Truly, madly, deeply.

I have had two clients in as many weeks fall in love with creative work. I don’t mean just being very happy. I mean truly, madly, deeply falling in love. Getting up out of their chairs, using emotional language, clapping, cheering and in one case, honestly welling up when talking about the work.

I am not the common link here. I am lucky to be working with two excellent teams who have produced world class creative solutions in both cases. But I’m interested in what the common factors were in both these (very different) client situations. What are the circumstances that can cause a client to fall head over heals for a piece of creative work?

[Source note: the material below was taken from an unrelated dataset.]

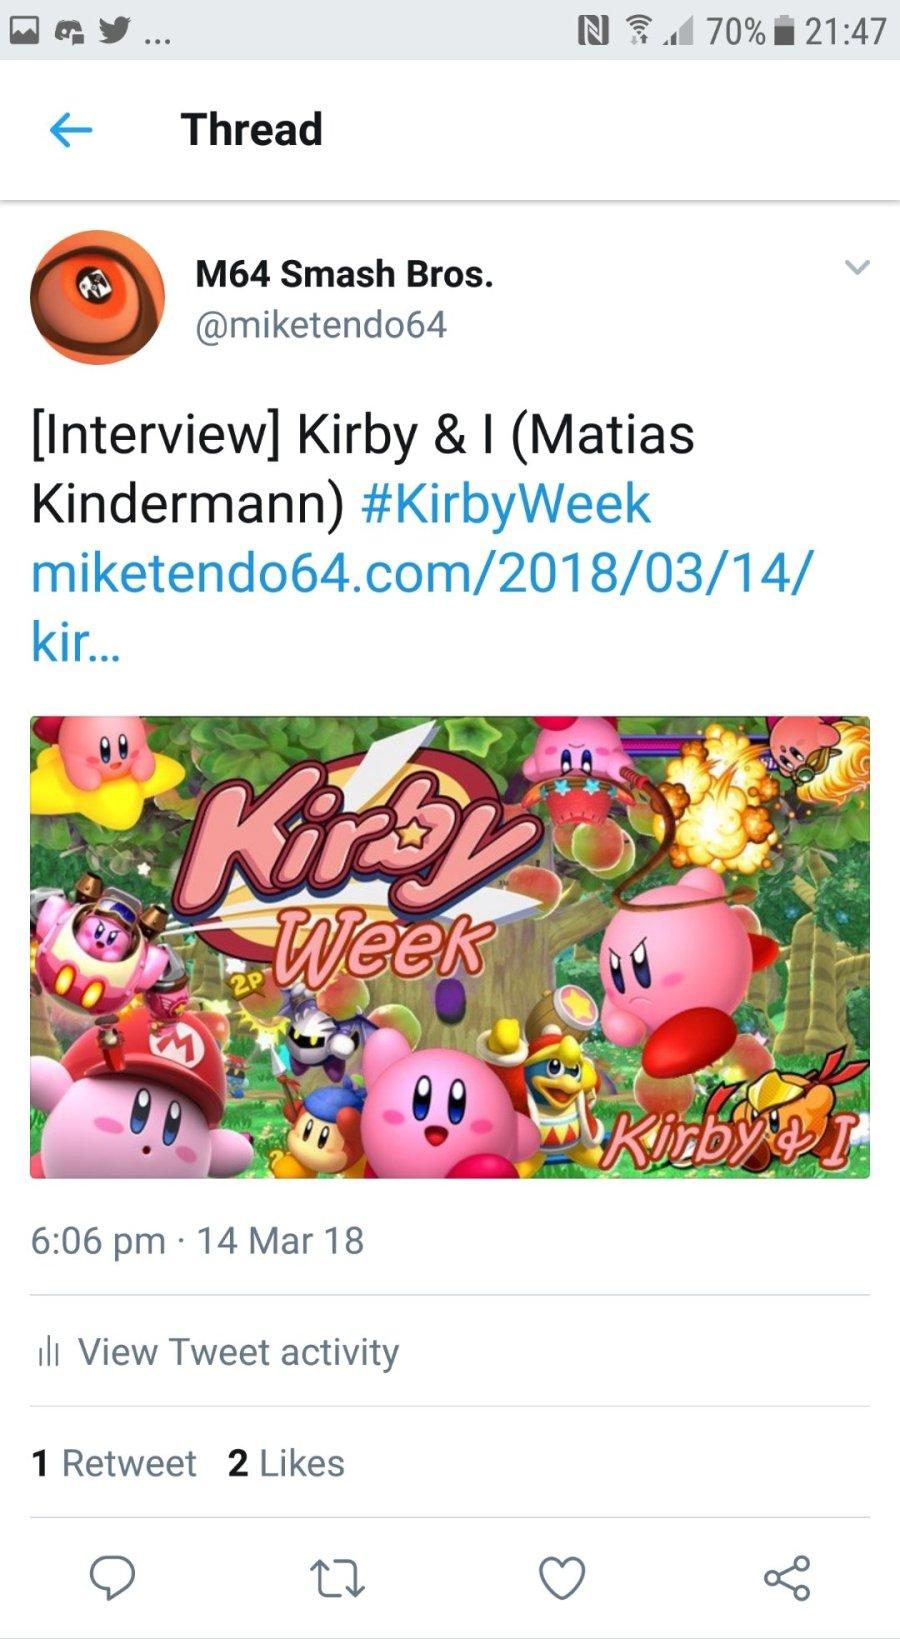 #KirbyWeek: An Interactive Twitter Experience

First of all, the work has to be great. Of course. But it must be great in a specific way. It has to have drawn its solutions, conclusions and inspiration from a place of deep understanding of the clients needs. This is something beyond the basic audience, market, competitor analysis. It goes deep into what I call ‘client empathy’.  I’ve discussed this idea in previous posts. It is one that requires stepping wholly inside your client’s shoes and acting upon their full range of challenges. Their colleagues, their boss, their budget, time and authority constraints – are all part of what we are understanding, caring about and helping them with when we work with client empathy.

Clients fall in love when they can see a way out of the woods. Part of the emotion they feel is gratitude and relief that we are helping them achieve something that they have been losing sleep over.

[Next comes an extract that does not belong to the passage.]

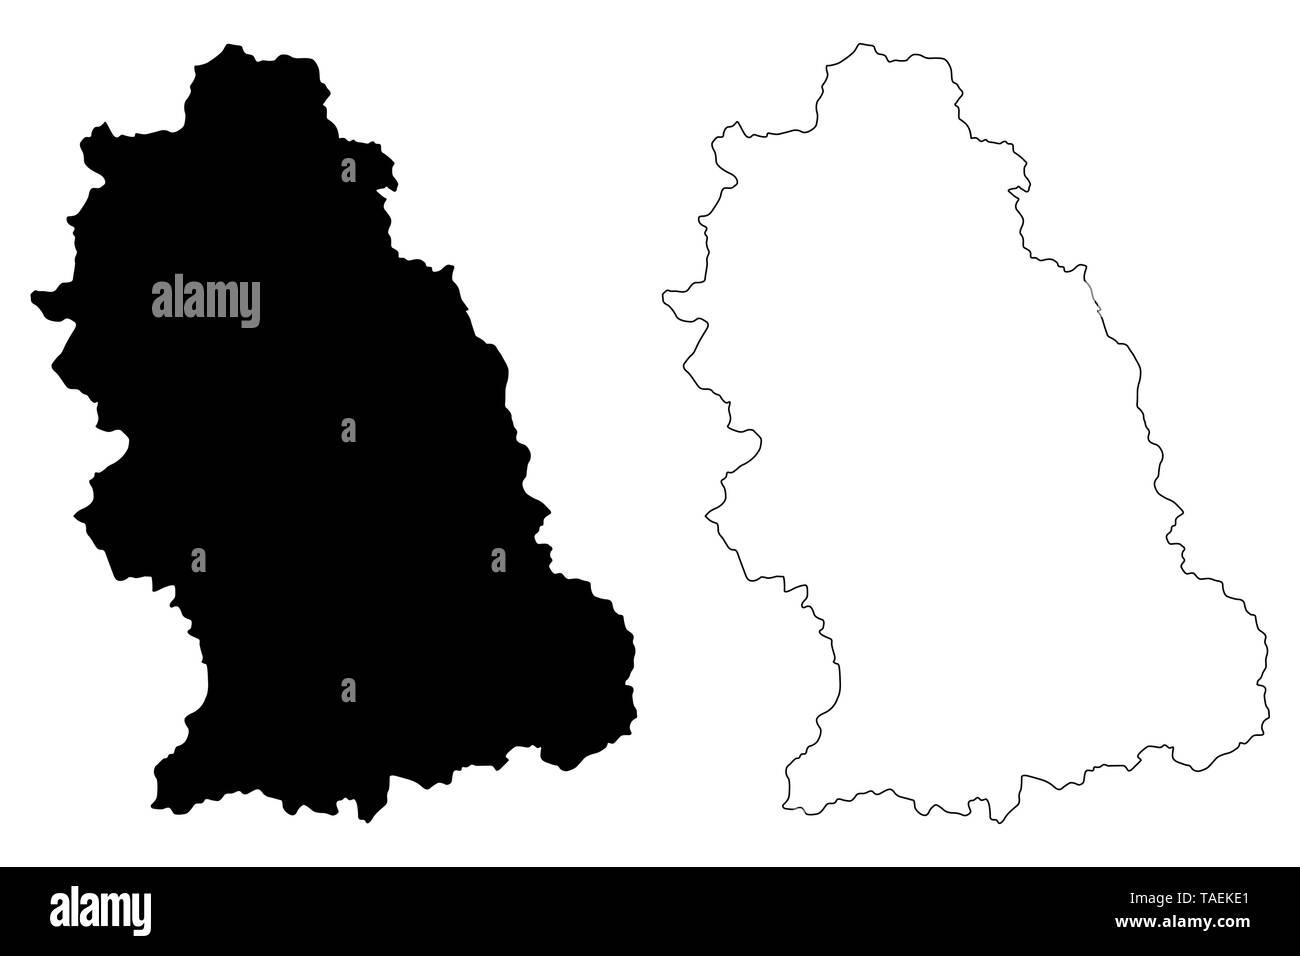 Hunedoara County (Administrative divisions of Romania, Vest development region) map vector illustration, scribble sketch Hunedoara map - Stock Image

Secondly, the work has to be brave. It has to go further than the client was expecting and probably further than they are really quite comfortable with. A client told me recently ‘This could get me fired!’ And meant it in a good way. It’s part of human nature to enjoy achievement. Giving your client a sense of optimistic daring  by presenting them with a viable solution that they would not have previously though possible, is a very powerful thing. Great joy comes with exceeded expectations.

Thirdly, the client has to like you. I mean really like you. This one is highly subjective and hard to plan for but they have to start by wanting to be in the room with you and enjoying listening to what you have to say. This is tied to the empathy idea but it is not the same thing.  I think it is to do with a combination of charisma and good old fashioned kindness. You’ve got to be someone they would choose to go on a road-trip with – resourceful, dependable, thoughtful but also a lot of fun. I’ve seen many creatives miss this opportunity, preferring to take the ‘the don’t have to like me they just have to know I’m good’ stance. It doesn’t work. Falling in love with the work is in part, also falling in love with the team that created it.

Presentation is important. But not necessarily in the way you might think. I’ve always been a big believer in rehearsing presentations. Getting the flow just right, making sure the pace doesn’t lag or skip over details. But I’ve had equal success with off-the-cuff, unpolished presentations or ones plagued with technical difficulties. The key ingredient is to have a good story that you truly believe in and to tell it with great passion.

Why does it matter to have clients fall in love as opposed to just liking or approving work? Because it allows us to take them further. Love makes them brave. Excitement makes them think bigger and longer term. Less likely to pick over minor details. More likely to fight for and defend the idea within their own organization.

Most importantly, once a client has known true love, they will always come back for more.